— TASK PROMPT —
As the answer, give exactly the lines of the records below from the one with "Small-batch Maple Rhubarb" through the one with "fc5b2d6d3de2 Διπλή μπλούζα", ends included and pictures left out.

— EXERCISE DATA —
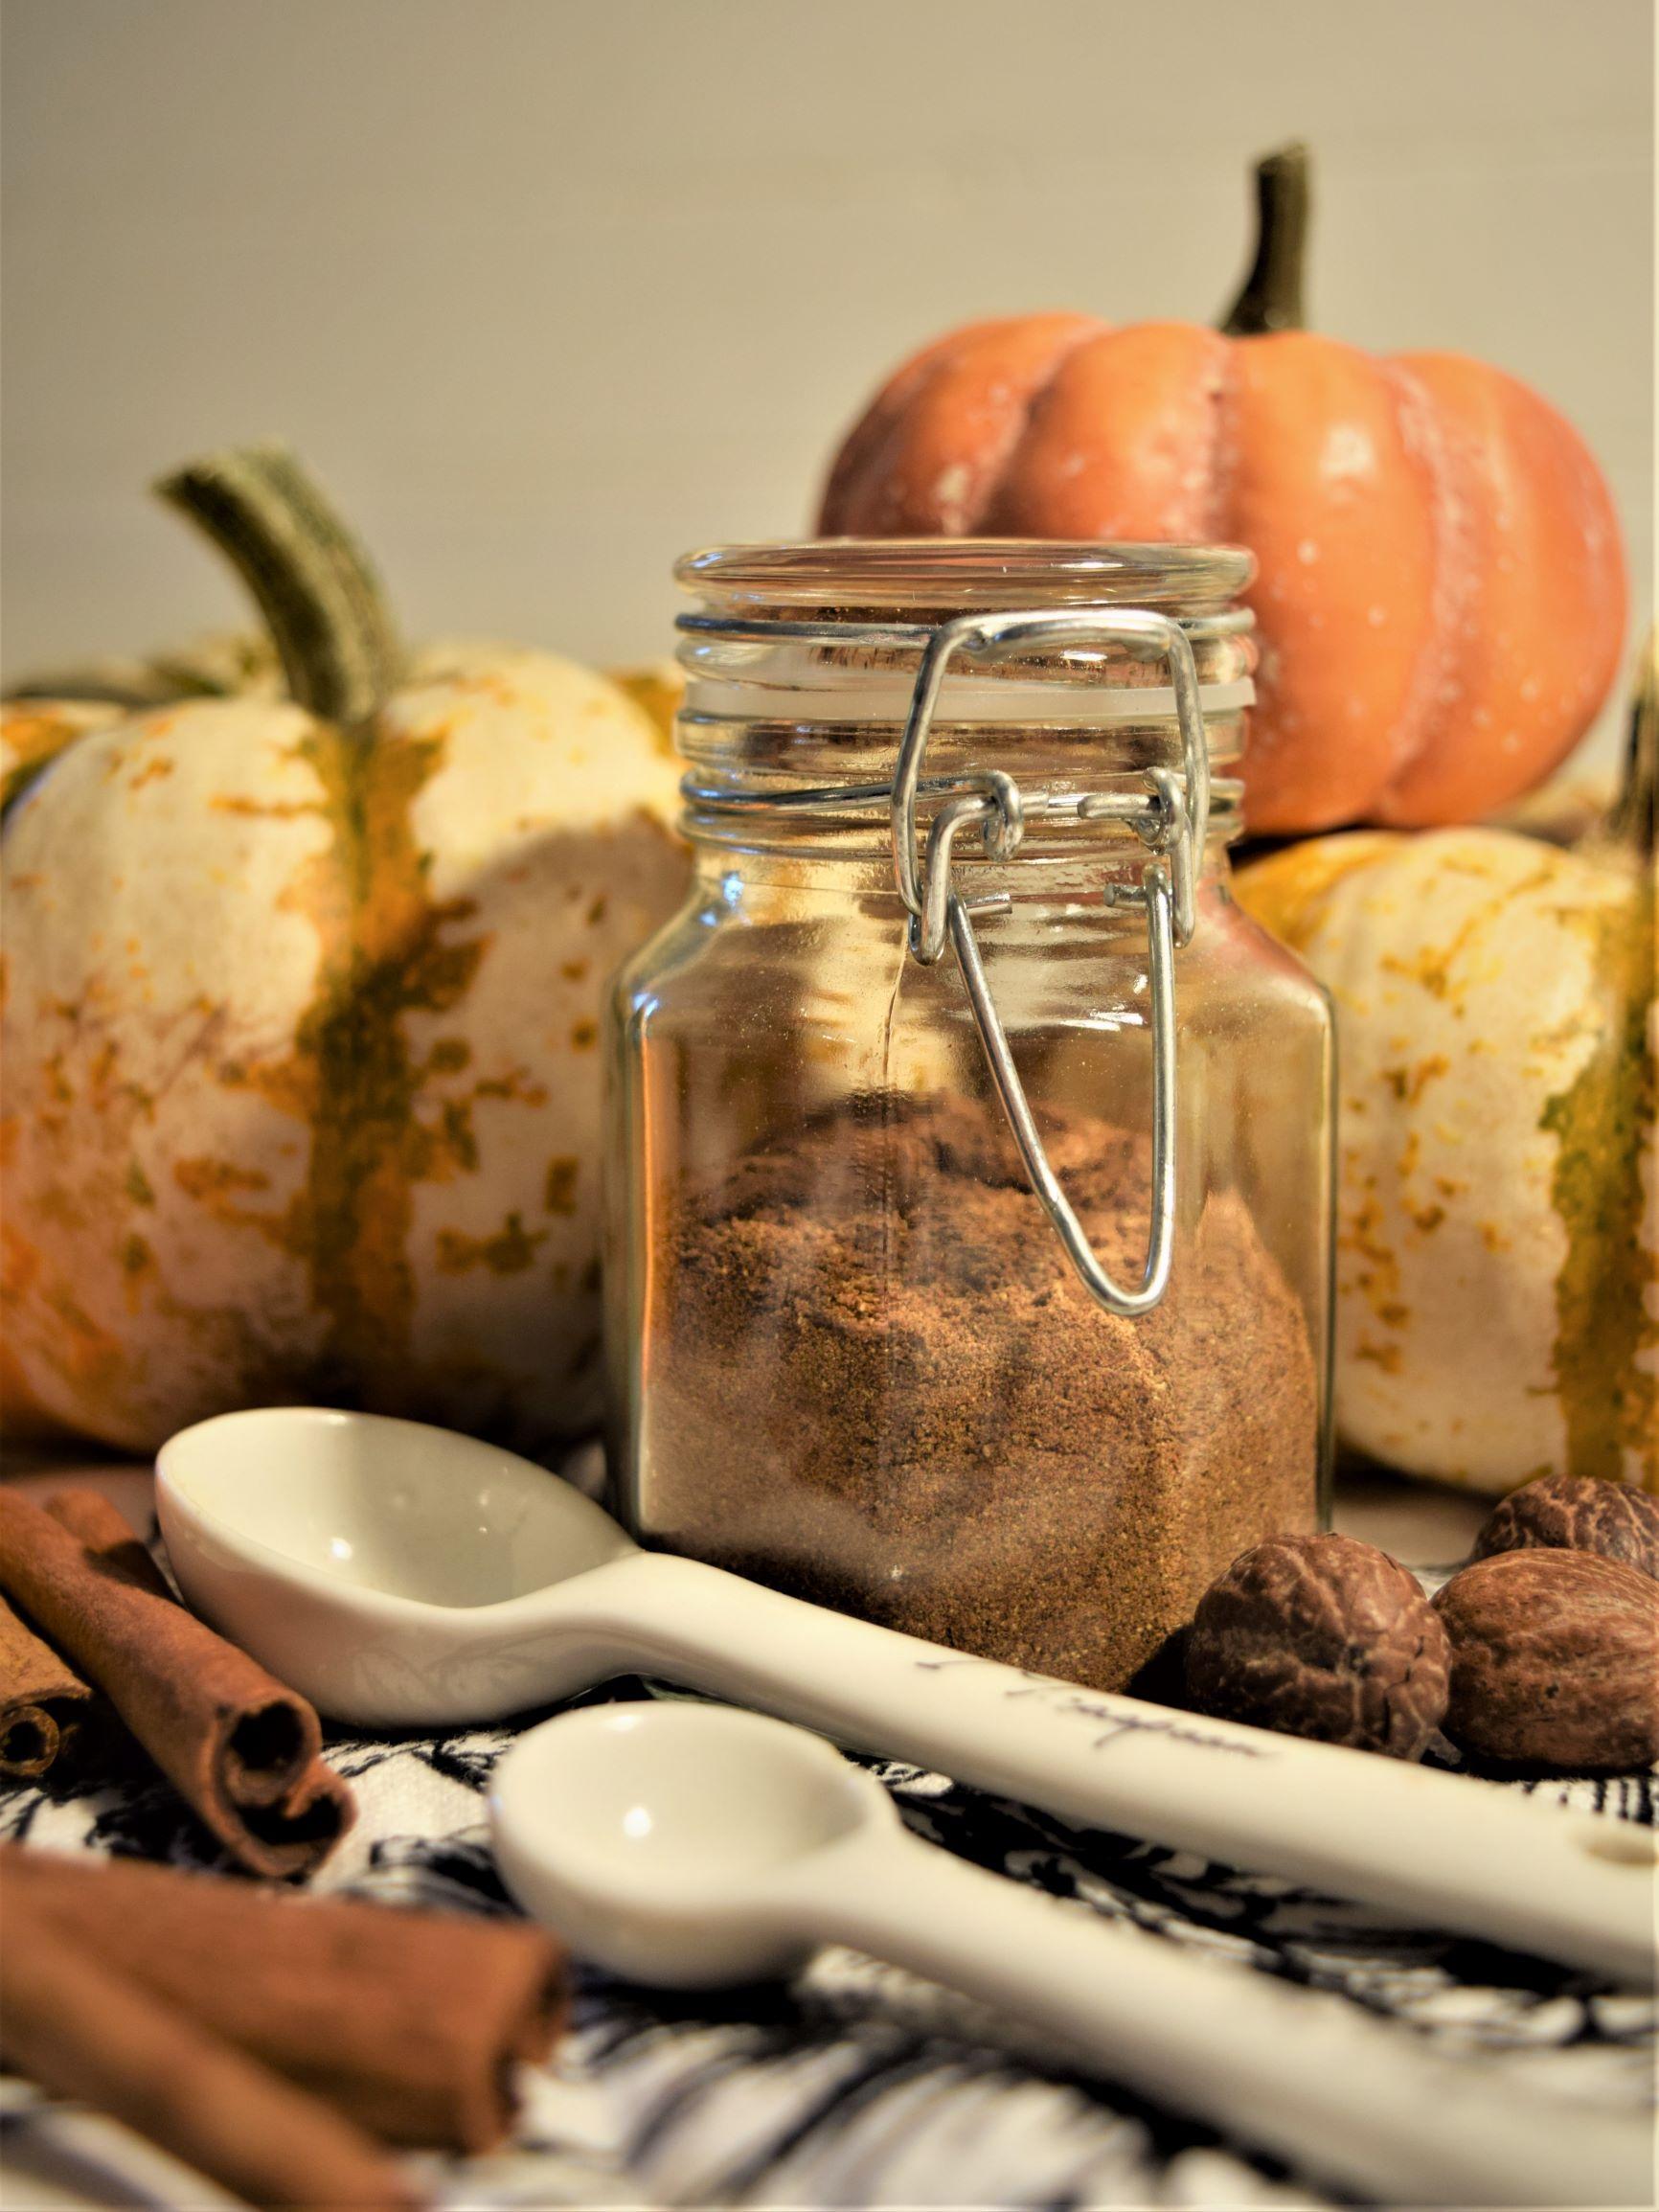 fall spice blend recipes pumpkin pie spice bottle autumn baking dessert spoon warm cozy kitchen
---
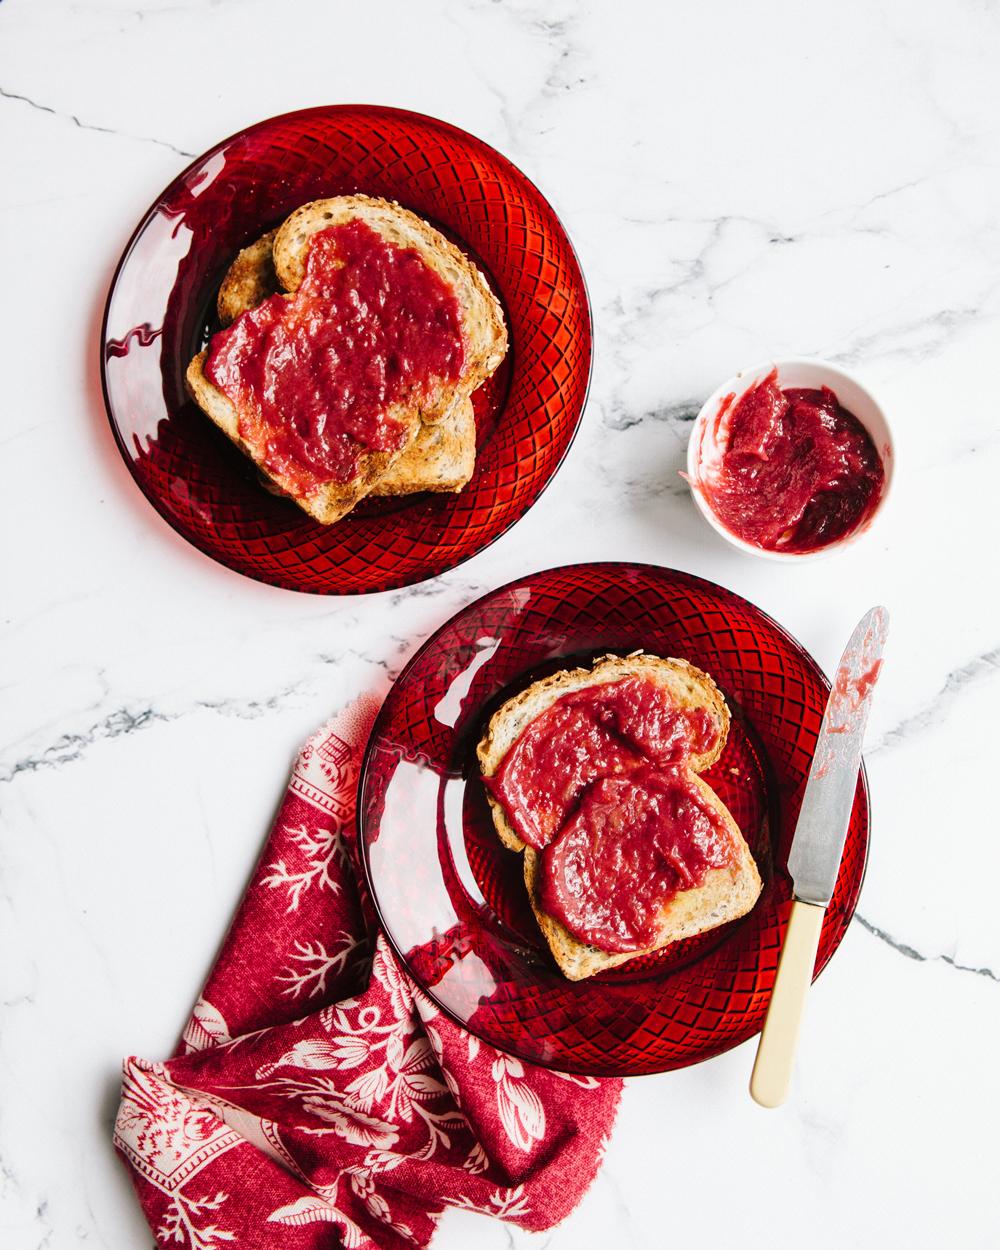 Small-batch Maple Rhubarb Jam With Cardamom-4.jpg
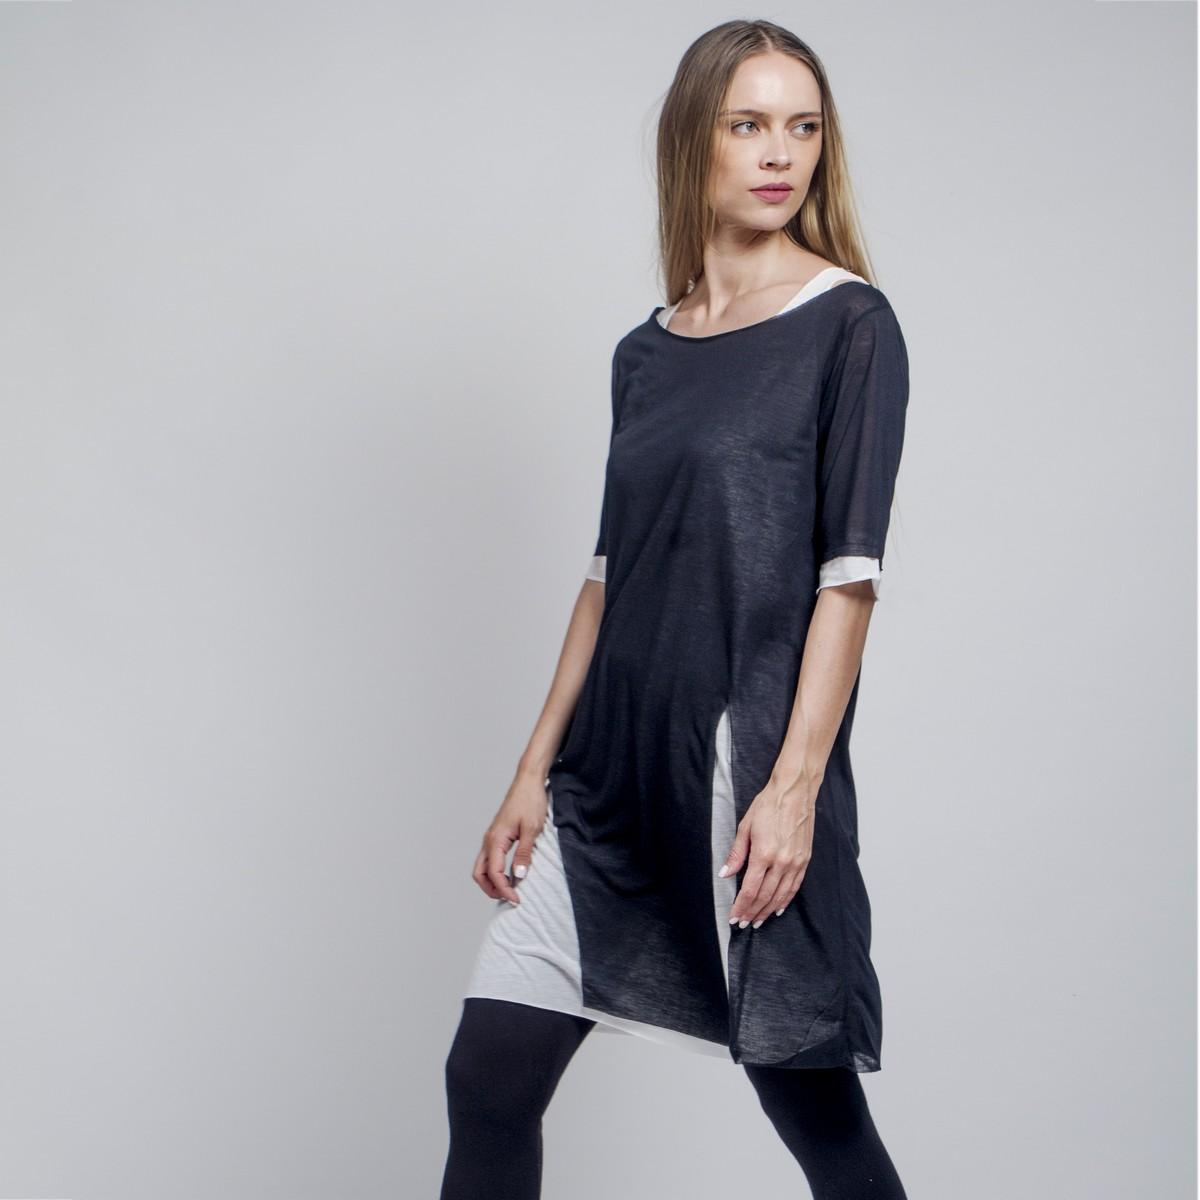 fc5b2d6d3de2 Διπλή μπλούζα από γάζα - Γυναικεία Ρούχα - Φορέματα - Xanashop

— EXPECTED OUTPUT —
 Small-batch Maple Rhubarb Jam With Cardamom-4.jpg
 fc5b2d6d3de2 Διπλή μπλούζα από γάζα - Γυναικεία Ρούχα - Φορέματα - Xanashop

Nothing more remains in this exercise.